--- Work order ---
Restate the listing below word for word, and leave its pictures behind.
--- Collected data ---
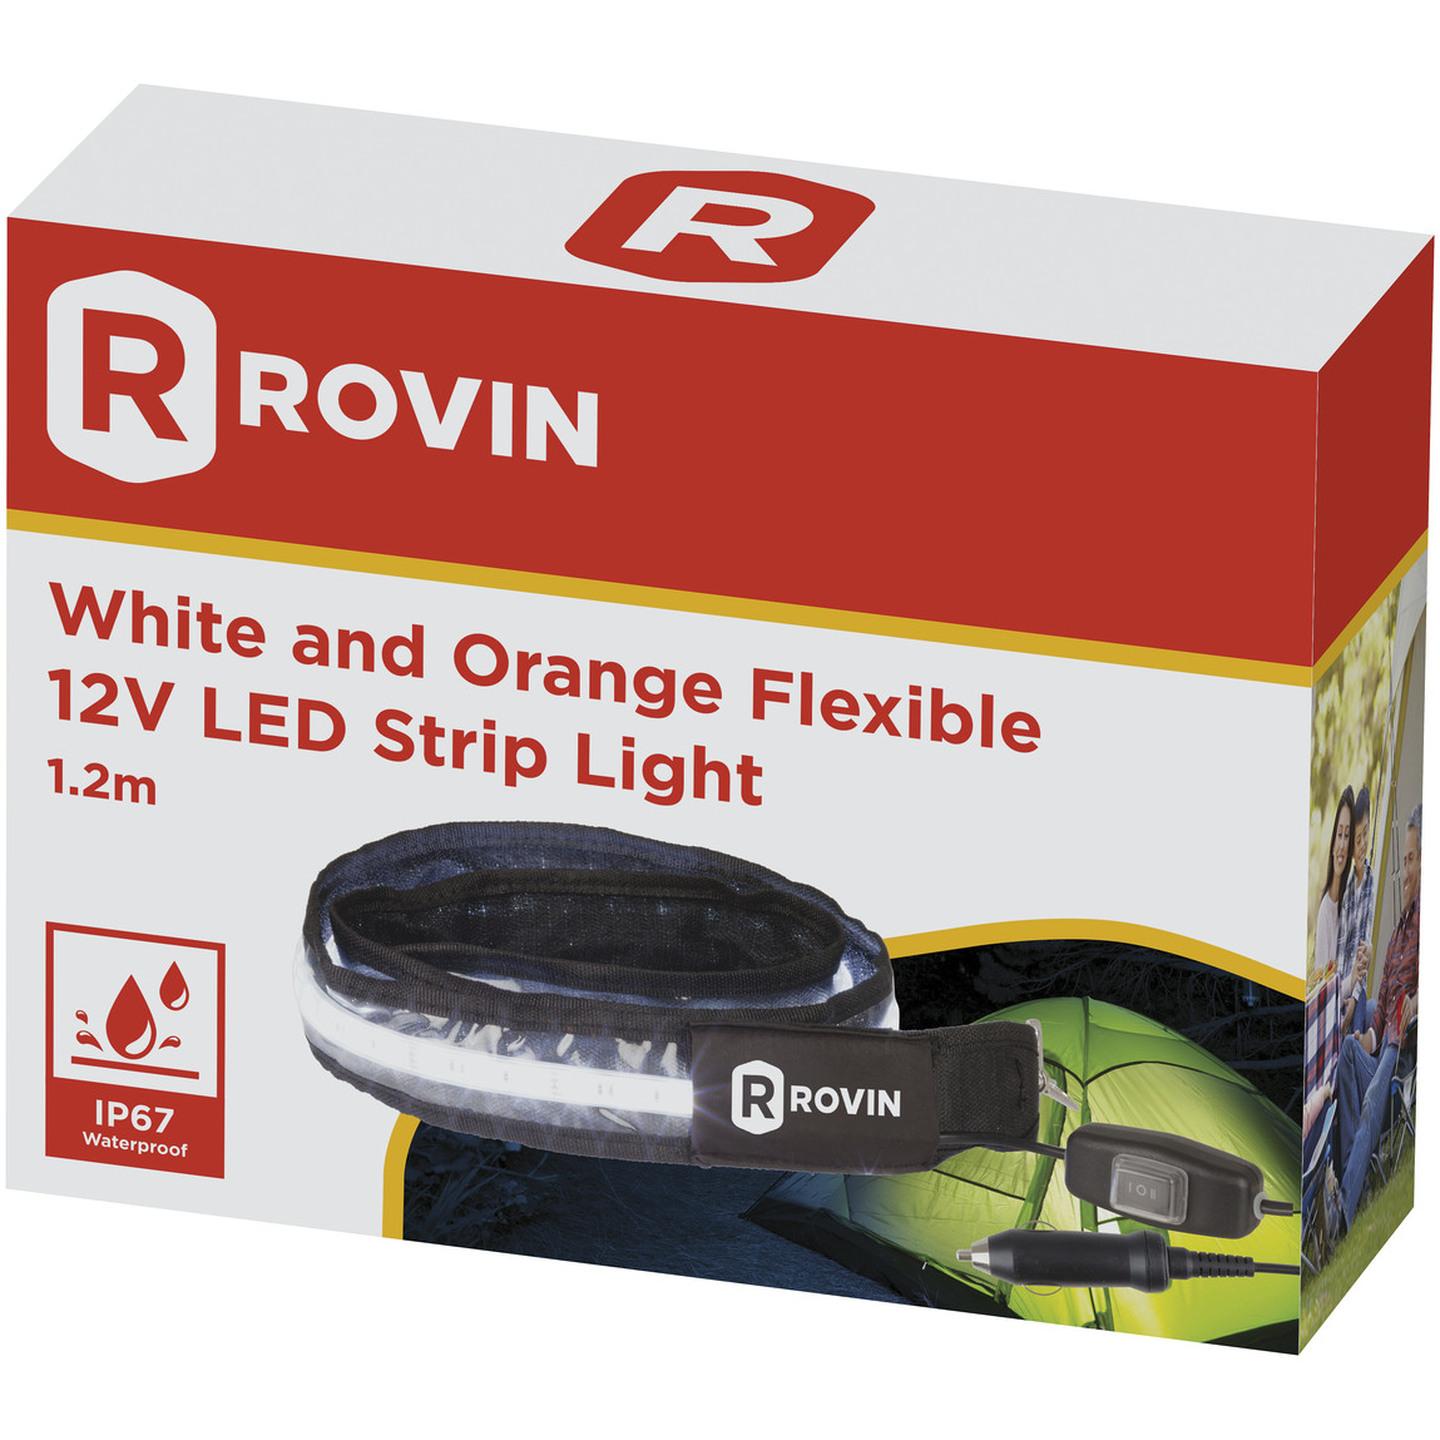 Rovin 1.2m Waterproof IP67 White and Orange Flexible LED Strip
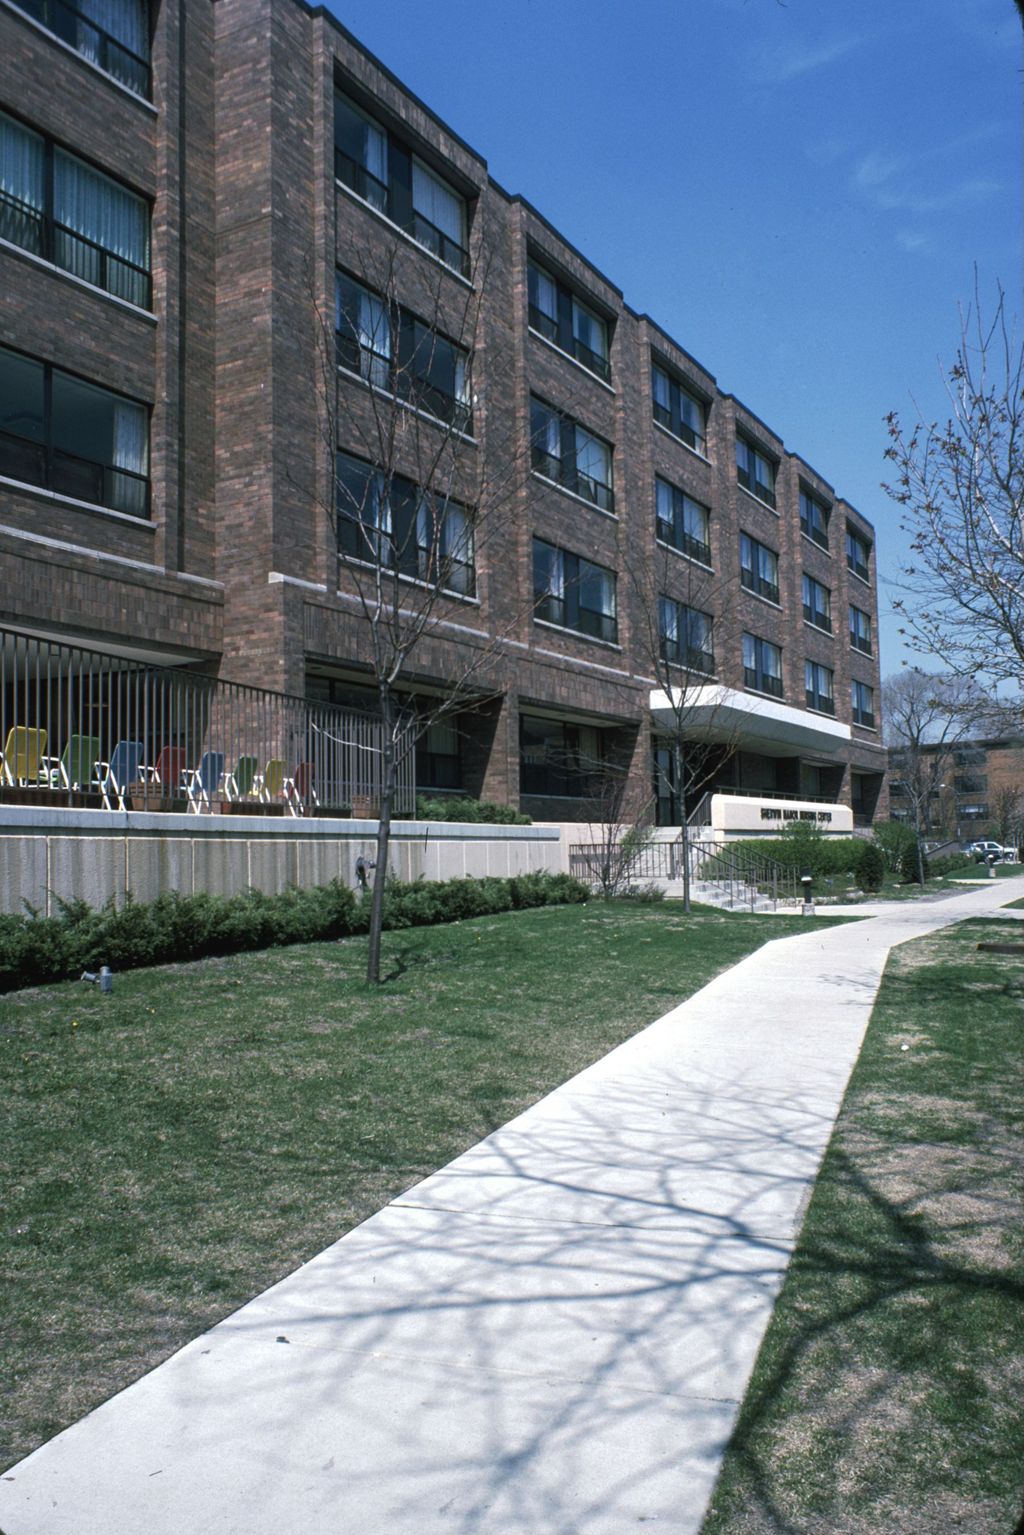 Sherwin Manor Nursing Center, Rogers Park
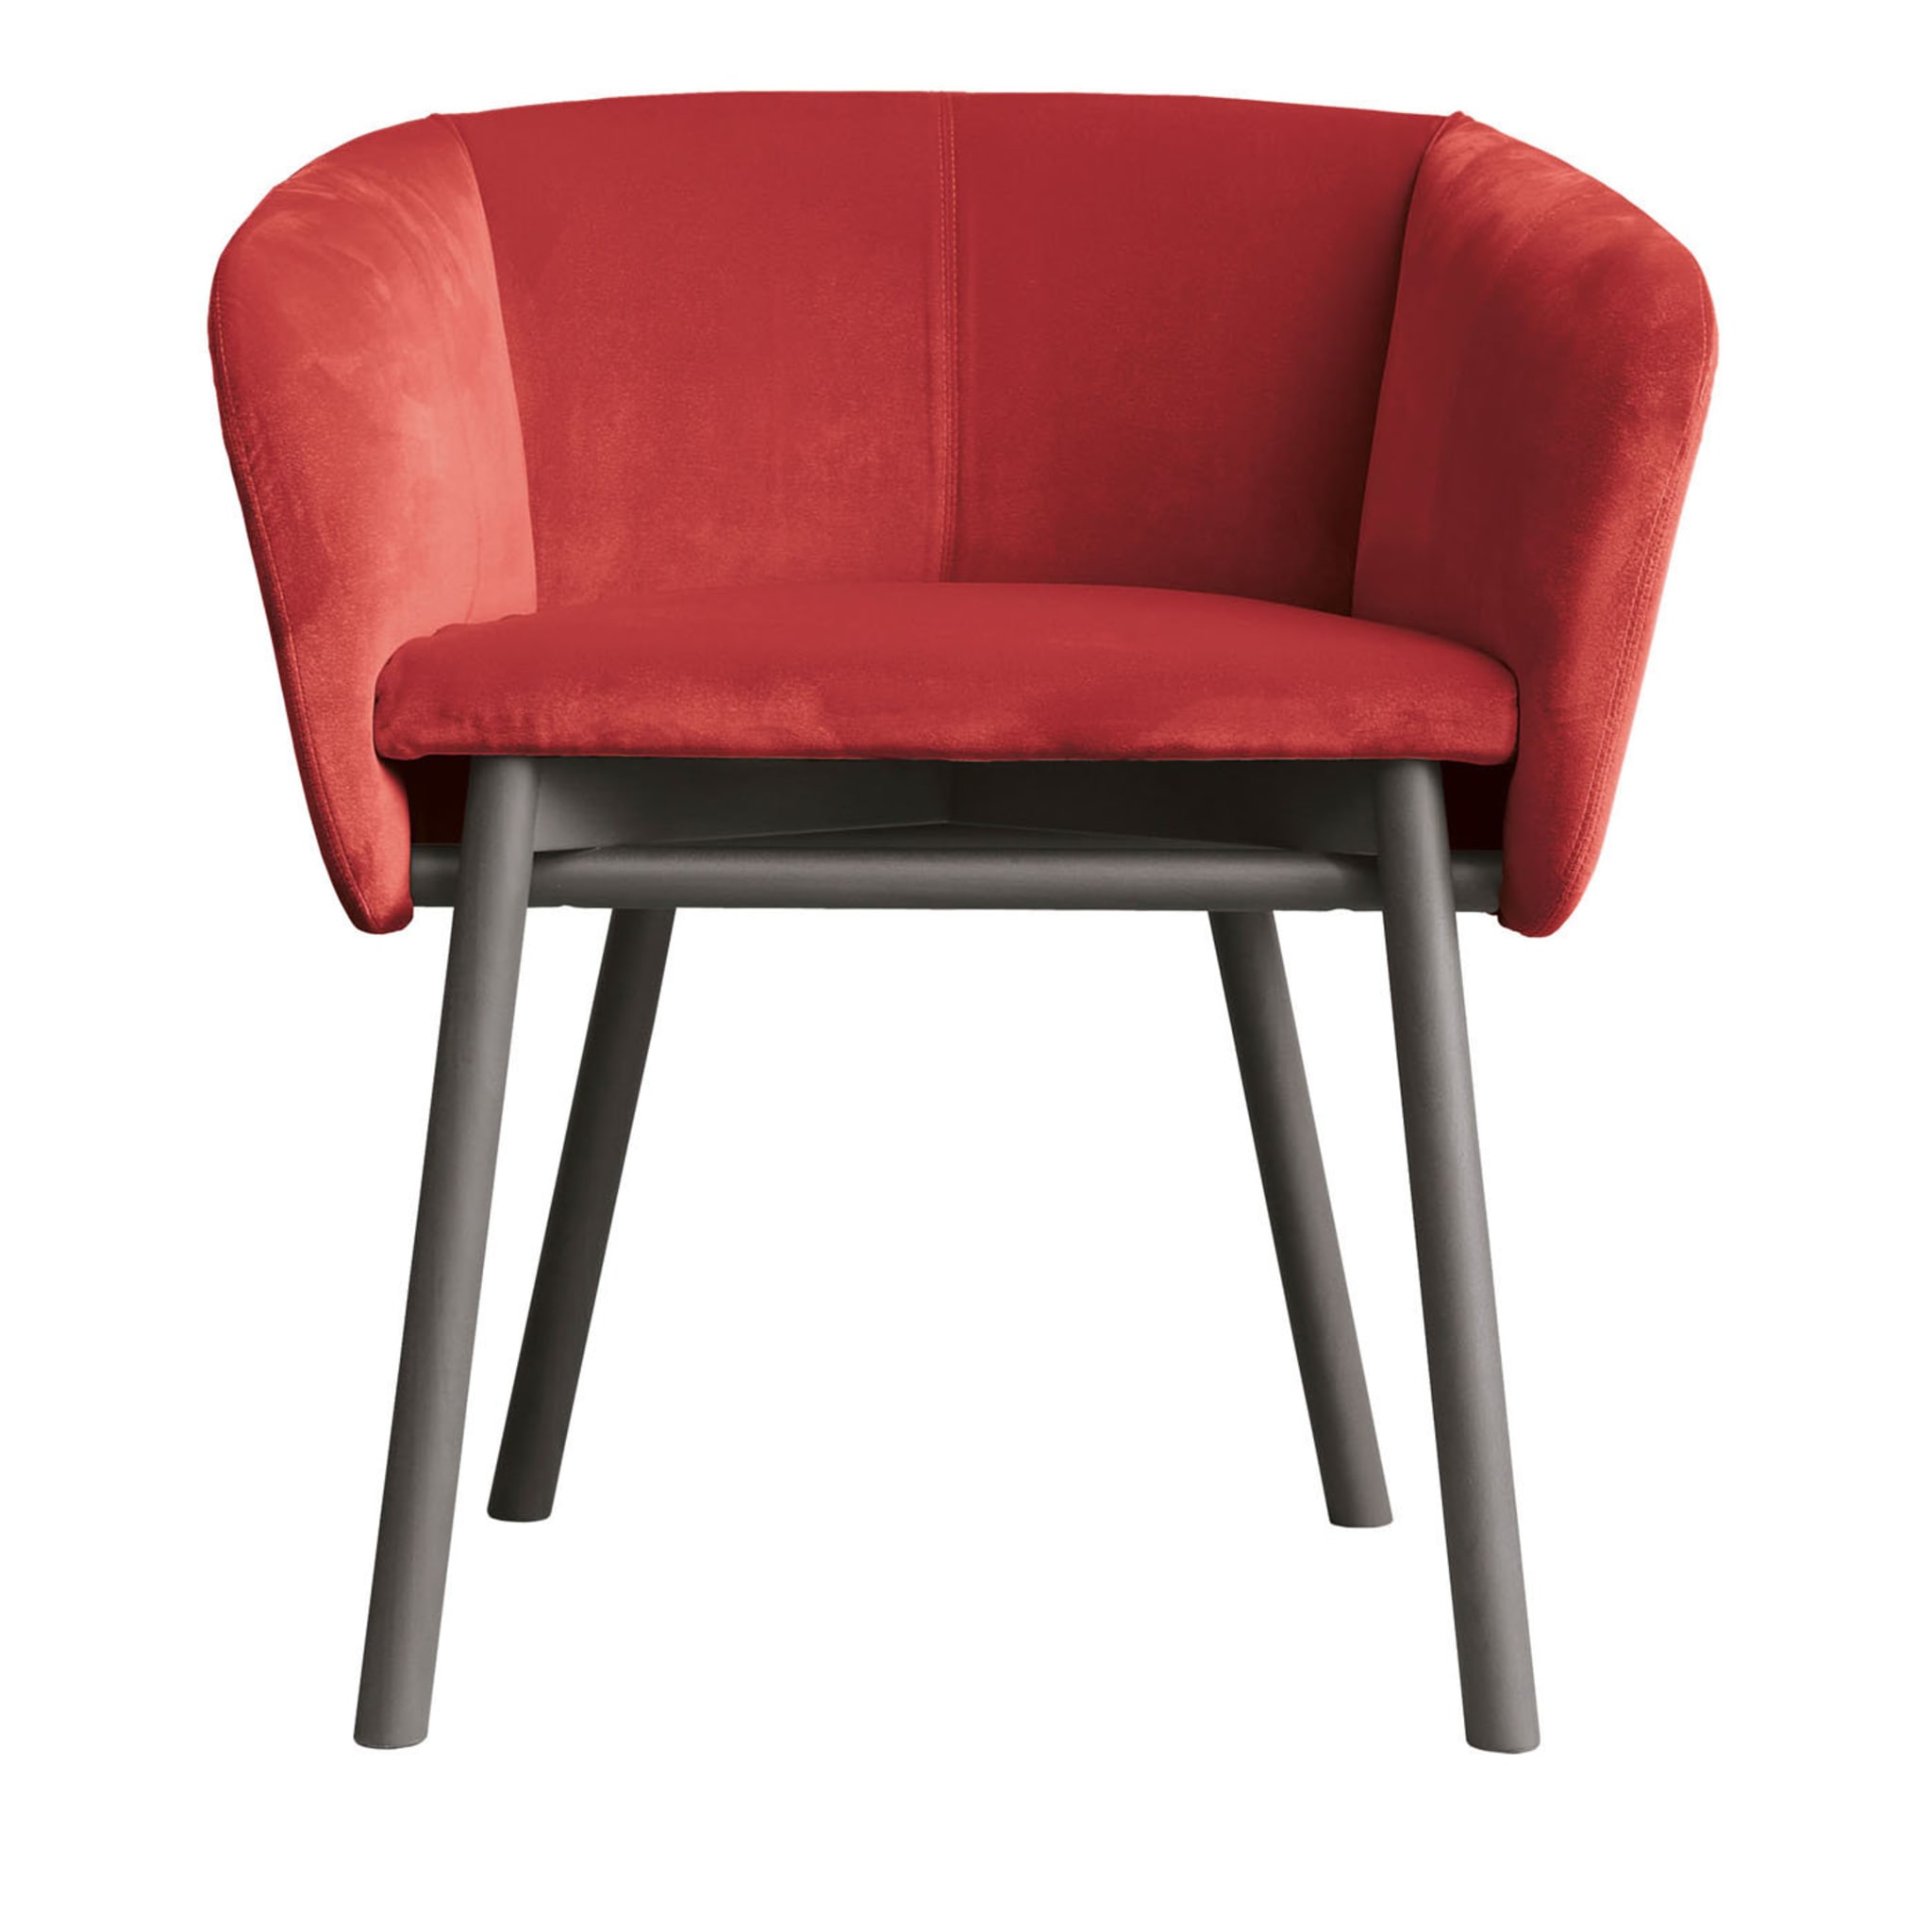 Chaise rouge Balù d'Emilio Nanni - Vue principale
---
--- Expected output ---
 Rovin 1.2m Waterproof IP67 White and Orange Flexible LED Strip
 Sherwin Manor Nursing Center, Rogers Park
 Chaise rouge Balù d'Emilio Nanni - Vue principale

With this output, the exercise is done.